Once diagnosed, treatment for PPSH is currently symptomatic. “It presents mostly as a tension-type headache, so we treat that phenotype: simple analgesics, being careful not to overdo [nonsteroidal anti-inflammatory drugs], as they increase stroke risk. If the headaches are frequent, a daily preventive medicine such as low-dose amitriptyline may be considered,” Dr McAllister observed.
What Does a New Poststroke Headache Type Suggest?
The continued observation of this delayed headache syndrome may point to a different pathophysiology from tension-type headache or acute poststroke headache, and the presence of PPSH may suggest additional risks for psychological complications, such as anxiety, fatigue, and particularly depression.5
According to Huma Shiekh, MD, a headache specialist at Mount Sinai Hospital in New York City, the additional ICHD-3 designation of PPSH can also be helpful for research purposes, to further explore these issues. “In order to do research on a specific headache subtype, it is important to have a cohort of patients that you feel fit into that subtype. With headaches, this is usually first done by characterization of the headache,” she told Neurology Advisor.
“While folks with acute poststroke headache may develop PPSH, most don’t. Thus, PPSH likely represents a different entity, with a different pathophysiology.
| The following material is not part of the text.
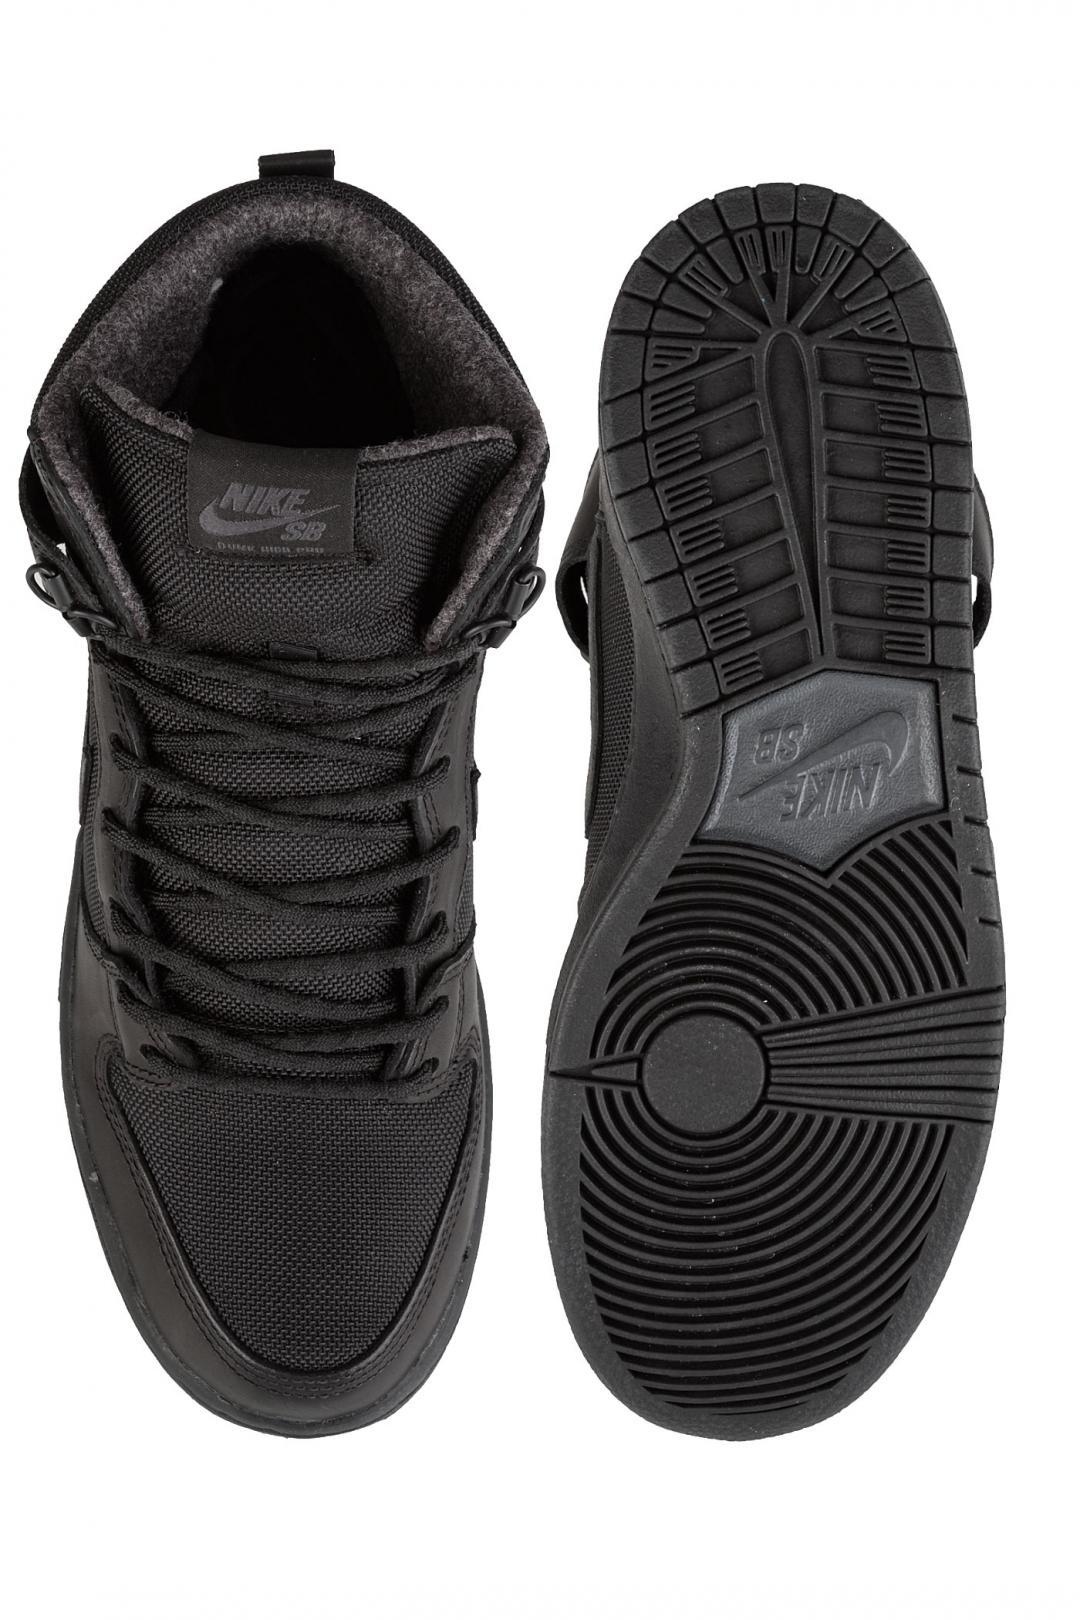 Uomo Nike SB Dunk Hi Pro Bota black black   Sneakers high top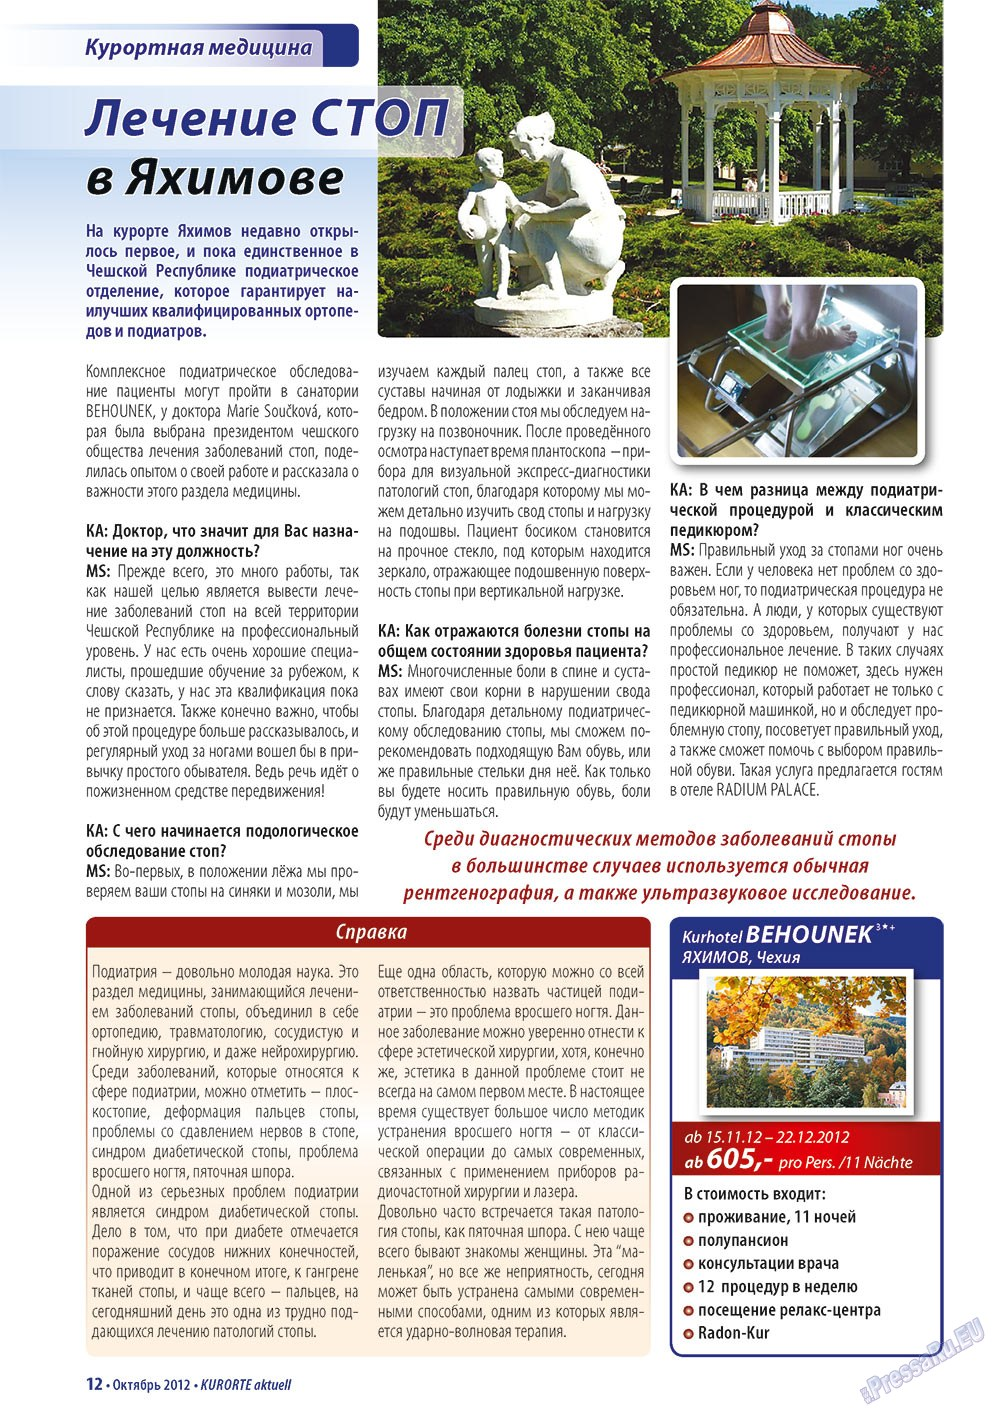 Kurorte aktuell (газета). 2012 год, номер 26, стр. 12

We need to better understand risk factors for PPSH. Depression may be a risk factor,” Dr McAllister said, noting that, “Again, more work needs to be done.”
Lai and colleagues pointed out in their review that, as PPSH has only recently been designated a separate entity from acute poststroke headache, further exploration of its epidemiology and natural history may have important implications for stroke rehabilitation outcomes and quality of life for stroke survivors.5
- Portenoy RK, Abissi CJ, Lipton RB, et al. Headache in cerebrovascular disease. Stroke. 1984;15:1009-1012.
- Jørgensen HS, Jespersen HF, Nakayama H, Raaschou HO, Olsen TS. Headache in stroke: the Copenhagen Stroke Study. Neurology. 1994;44:1793-1797.
- Hansen AP, Marcussen NS, Klit H, et al. Development of persistent headache following stroke: a 3-year follow-up. Cephalalgia. 2015;35:399-409.
- Headache Classification Committee of the International Headache Society (IHS). The International Classification of Headache Disorders, 3rd edition (beta version). Cephalalgia. 2013;33:629-808.
- Lai J, Harrison RA, Plecash A, Field TS. A narrative review of persistent post-stroke headache – a new entry in the International Classification of Headache Disorders, 3rd edition [published online August 27, 2018]. Headache. doi: 10.1111/head.13382
- Wee TC. Poststroke headache: An underdiagnosed entity?Am J Phys Med Rehabil. 2018;97:e56-e57.